The Preposition Corpus (TPP) was developed specifically for a detailed analysis of how prepositions are used in English. Each preposition in the corpus was annotated with additional information about the sense and context. For example, the user can compare the use of preposition in followed by a place and followed by time or only find examples of in followed by a word describing a group of objects or people, e.g. in the main gallery.

The Preposition Corpus comprises 3 corpora annotated according to the Pattern Dictionary of English Prepositions (PDEP) which describes the behaviour of prepositions.

Using the corpus

A full set of Sketch Engine features is available to search the corpus.

Word Sketch

The easiest way to observe the behaviour of a preposition in English is to generate Word Sketch for the preposition. The corpus was compiled with a specific word sketch grammar to exploit the unique annotation.

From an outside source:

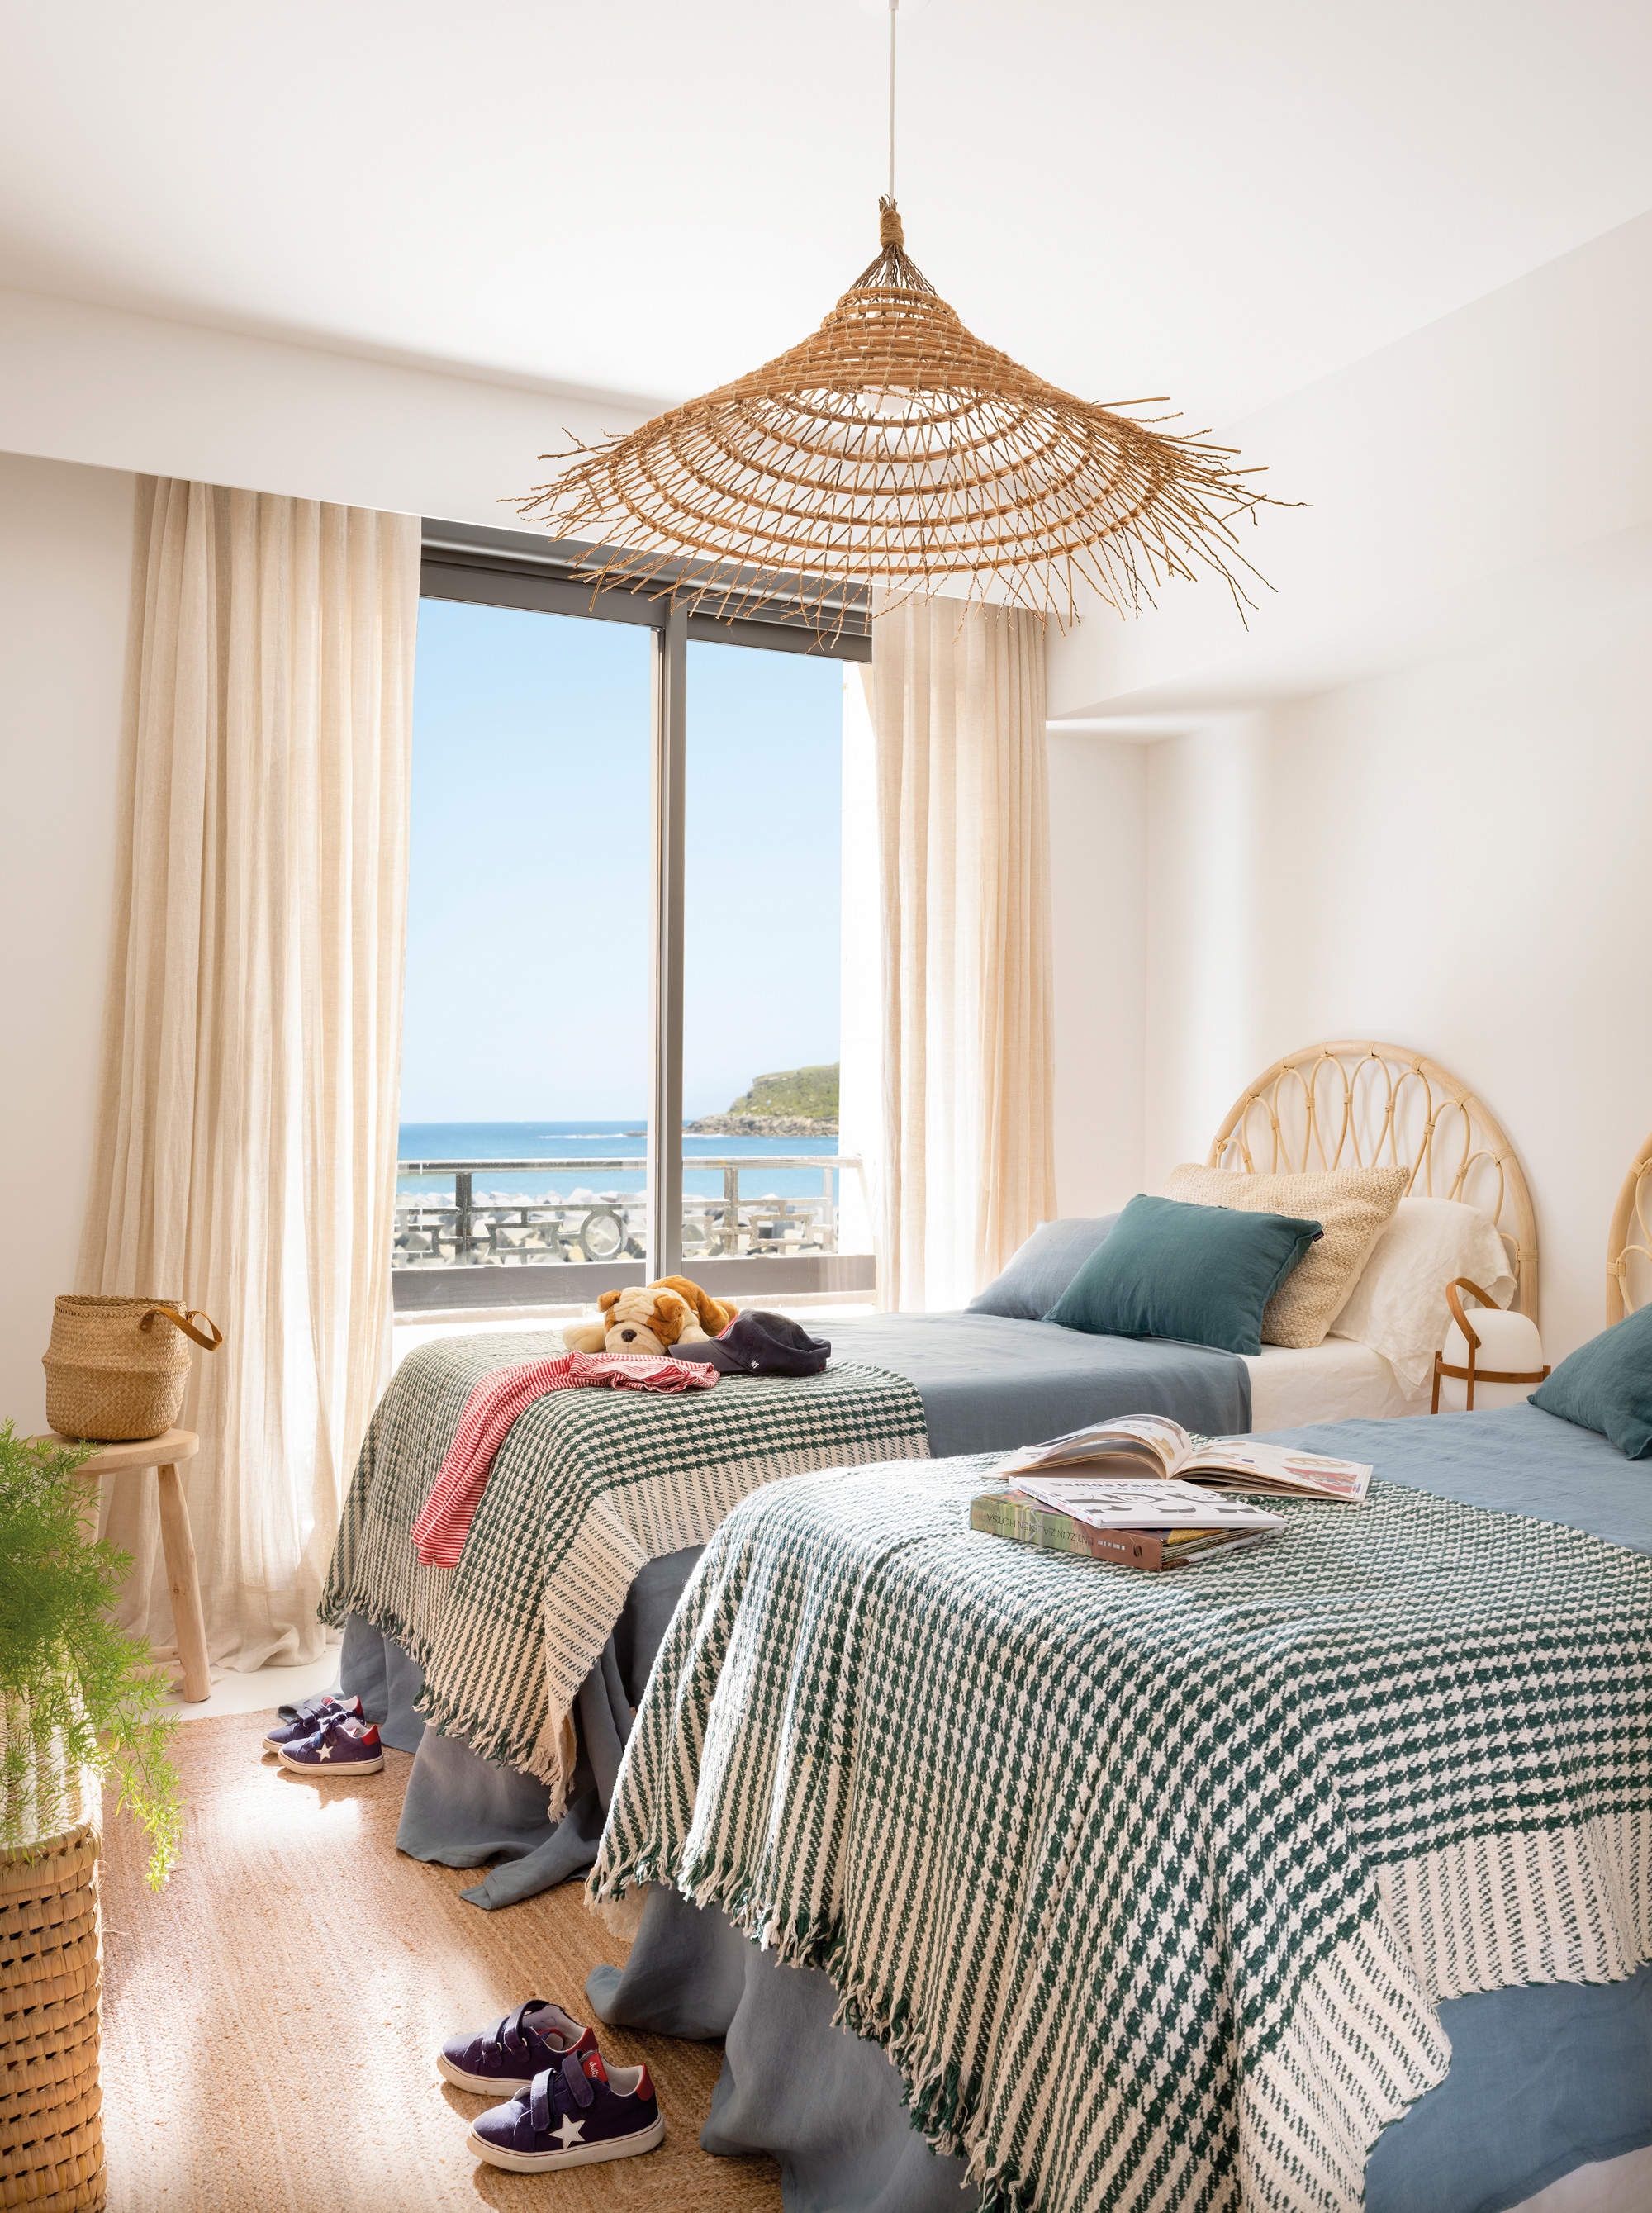 Dormitorio decorado en tonos neutros y azules con muebles y complementos de fibra.

Word Sketch for preposition in


CQL search

All standard searches can be used with this corpus. Complex searches are also available using CQL.

Displaying attributes

Use the view options in the left menu to select which Attributes or References will be displayed, see the screenshot below.

See the attached document to get a full understanding of attributes and values used.

Annotation in detail

Each sentence contains only one annotated preposition, i.e. each sentence serves as an example of the use of one preposition. Other prepositions in the sentence are not annotated. Individual sentences with the sense of the preposition (linked to the PDEP sense description), the PDEP class and the PDEP subclass, and supersense tags for preposition complements and governors.

governorprepositionpreposition complement
countriesinEurope

Structures and attributes in the corpus

Apart from the standard attributes as a POS tag or sentence tag, there are a few special attributes and structures related to prepositions.

  • doc.preposition (document preposition) –  structure enabling to search documents with specific prepositions, e.g.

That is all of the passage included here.